By 1905, just a decade after its founding, the Electrical Engineering Department had become a victim of its own success. Enrollment in the EE program had grown dramatically and its meager facilities in Salisbury Laboratories were bursting at the seams. In an urgent note to President Edmund Engler, Department Head Harold Smith warned that the department was in danger of "complete strangulation." He expressed his hope that the department could end its first 10 years knowing that it would soon have a building of its own.

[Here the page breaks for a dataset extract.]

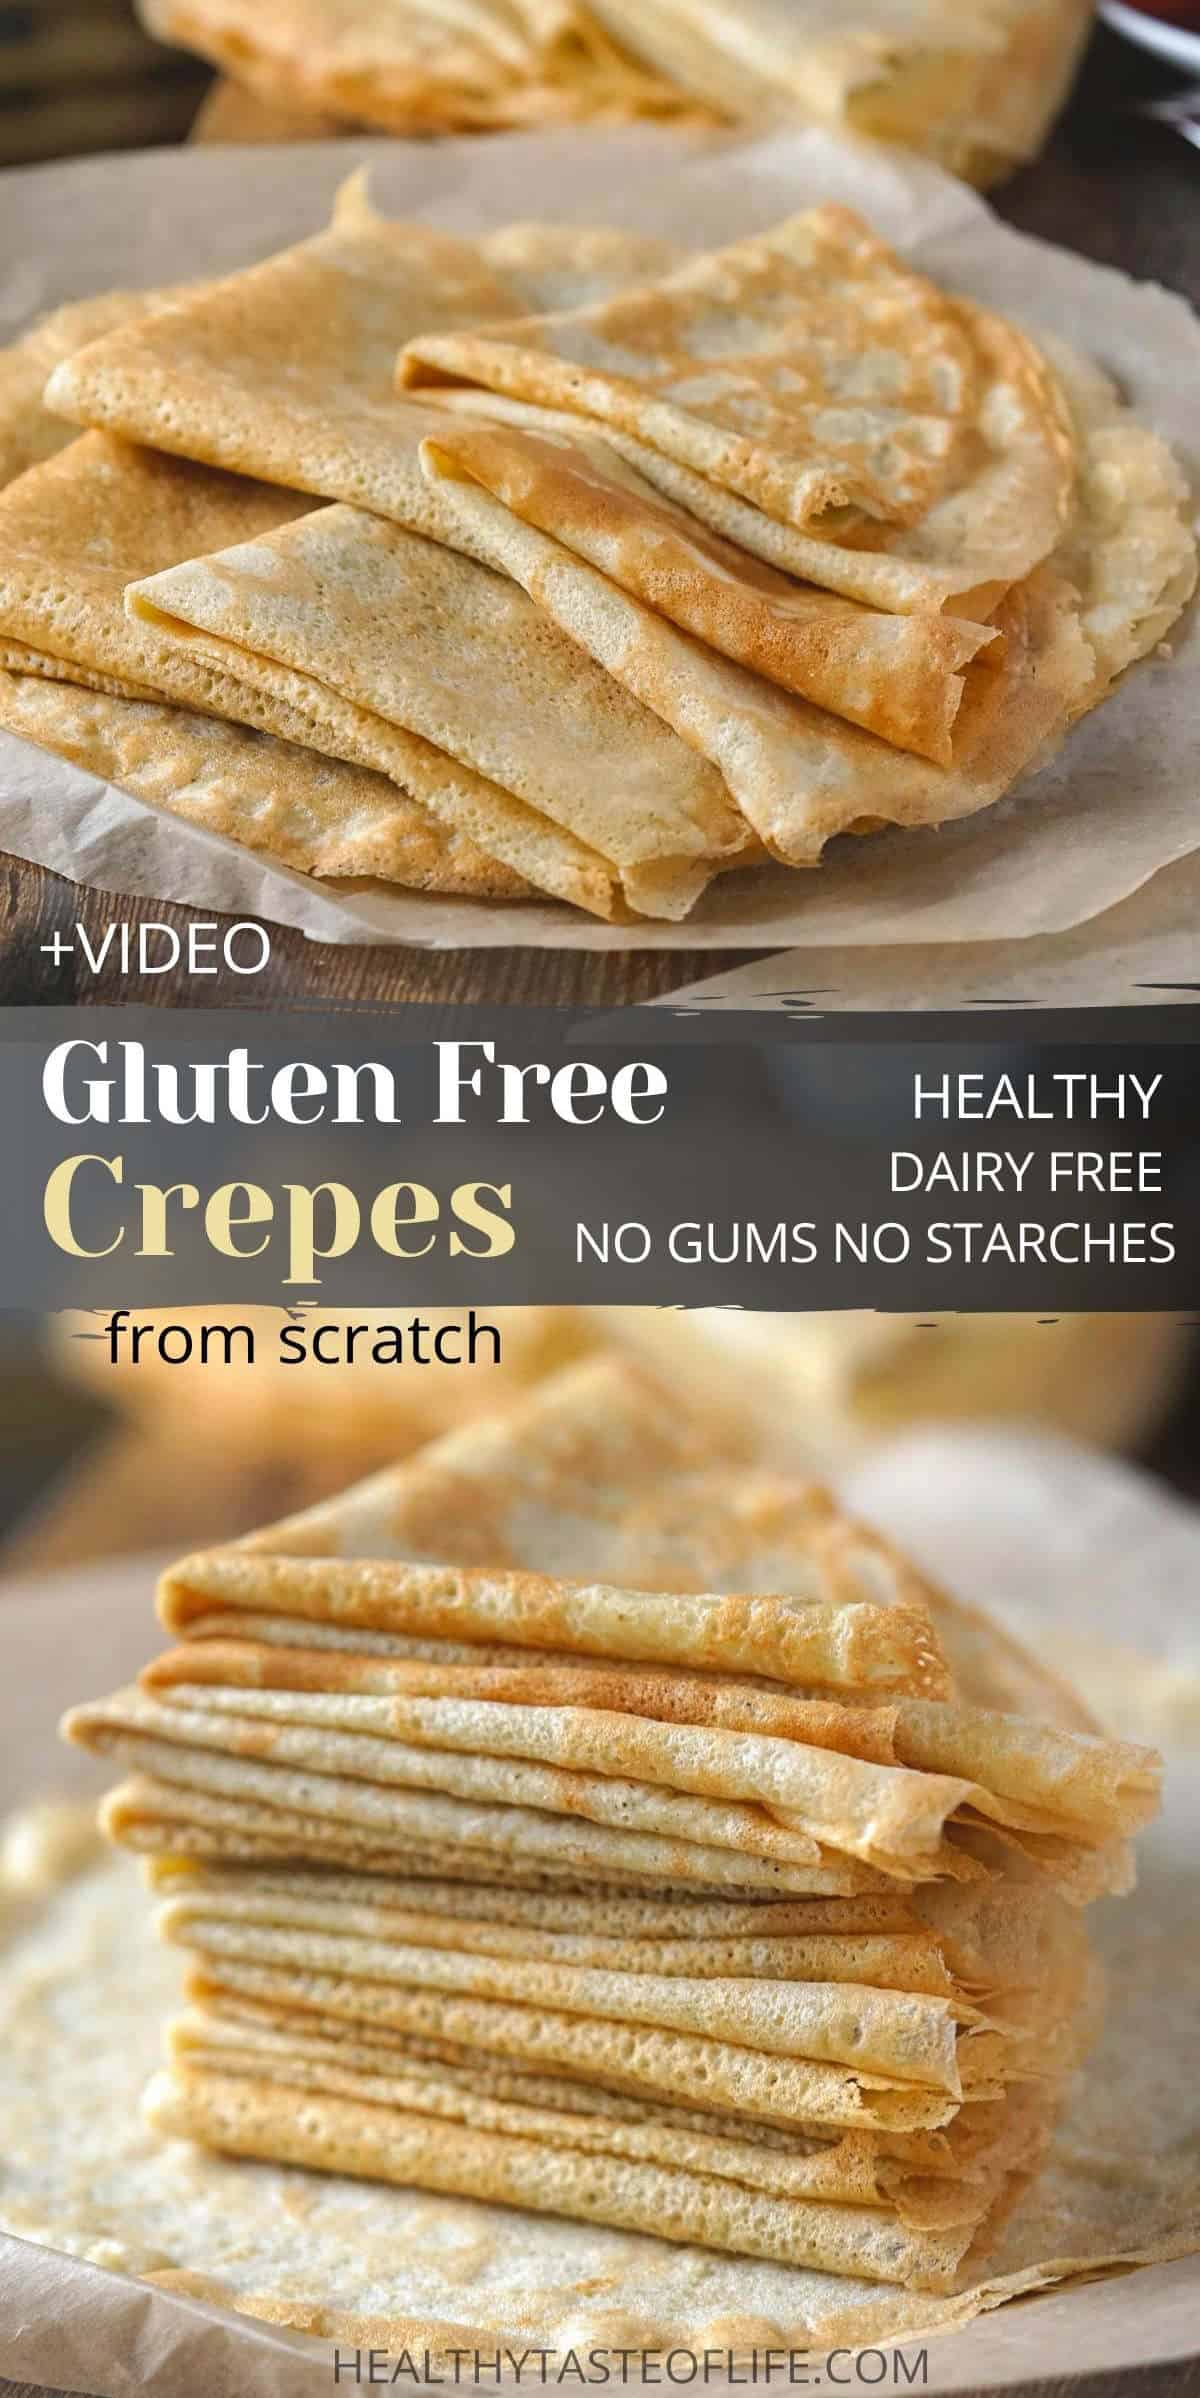 Gluten free dairy free crepes that can be served with sweet and savory fillings. The crepes are made with healthy gluten free flours, dairy free milk and eggs – easily mixed in a blender. As a result you get paper thin crepes, flexible without using gums or tapioca starch in the flour mix. These dairy and gluten free crepes are great as a healthy dessert, breakfast, brunch or even dinner. #glutenfreecrepes #dairyfreecrepes #glutenfreedairyfree #crepes #healthycrepes #glutenfreedairyfreebreakfast

That wish came true as the trustees authorized the expenditure of $200,000 for the Electrical Engineering Building, which was completed in 1907. Built in the shape of an E, the new structure was a showcase for the most advanced electrical technology. There were dynamos and motors and electrical apparatus of all sorts for students to use. A large open bay served as a general purpose lab and contained the largest pieces of equipment. A 10-ton traveling crane moved over the lab on huge I-beams. Two wings housed offices, classrooms, a lecture hall and a large lab for high-voltage work. In all, the building enclosed 900,000 cubic feet.
This space proved adequate for the department's needs for 50 years, though the changing nature of electrical engineering - including the electronics revolution created by the invention of the transistor - ultimately led to a decision to renovate the building in 1958. About 7,000 square feet of new space was created by flooring over the large bay, and research labs were established for growing fields like electronics, computers, microwaves and high-frequency circuits.
The building was ready for its next expansion and refurbishment.